You should KNOW 

1. That exponential functions are those of the form 
f(x) = a^x  where a > 0 (but not 1), that  the constant a 
is called the base   of the exponential function, that 
the domain of any exponential function is the whole 
line, the range is the set of positive reals.

2.  The meaning of, say, 2^3.564  or 2^sqrt(3) in terms of 
your previous knowledge of the meaning of 2^x when
x is a an ordinary fraction. 

3. What the graphs of exponential functions look like:
that such functions are increasing when a > 1 and 
decreasing when a < 1.  how the graphs of say,  3^x 
and 4^x  are related to each other, how the graph of 
a^x  is related to that of (1/a)^x , that exponential functions
are 1-1 and thus have inverses. 

4. The difference between, say,  2^x   and x^2 !!

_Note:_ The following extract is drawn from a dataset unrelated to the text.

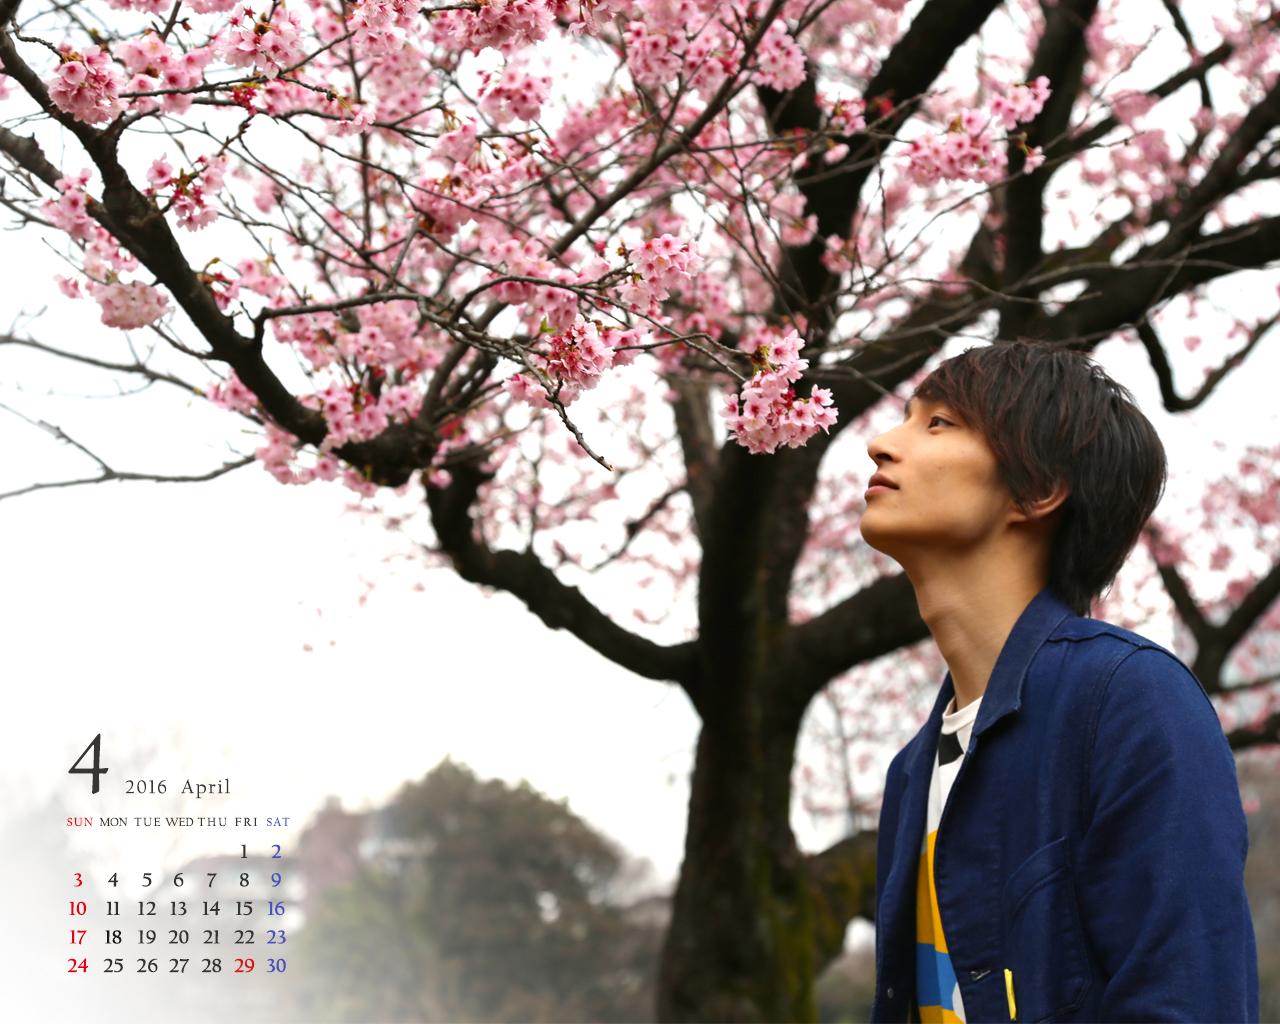 邑ser's guide 会員限定 壁紙(2016年4月カレンダー)

5. That there is a special number, called e, which is 
approximately  2.718....  that has especially useful 
properties when used as the base of an exponential
function. 

6.  What compound interest is, what continuously
compounded interest is, and how an 
exponential function with base e can be used to 
give a formula to compute this interest.

You should be ABLE TO

 1. Evaluate, by hand in simple cases, and using 
your calculator in others, exponential function values.

2. Sketch graphs of exponential functions and those 
obtained from them by stretching and translating.

3. Solve simple equations involving exponential 
functions. 

4. Solve a variety of problems about exponential
growth and decay, including compound interest, 
population growth, radioactive decay. (This 
will be a continuing thread through the next few 
topics.)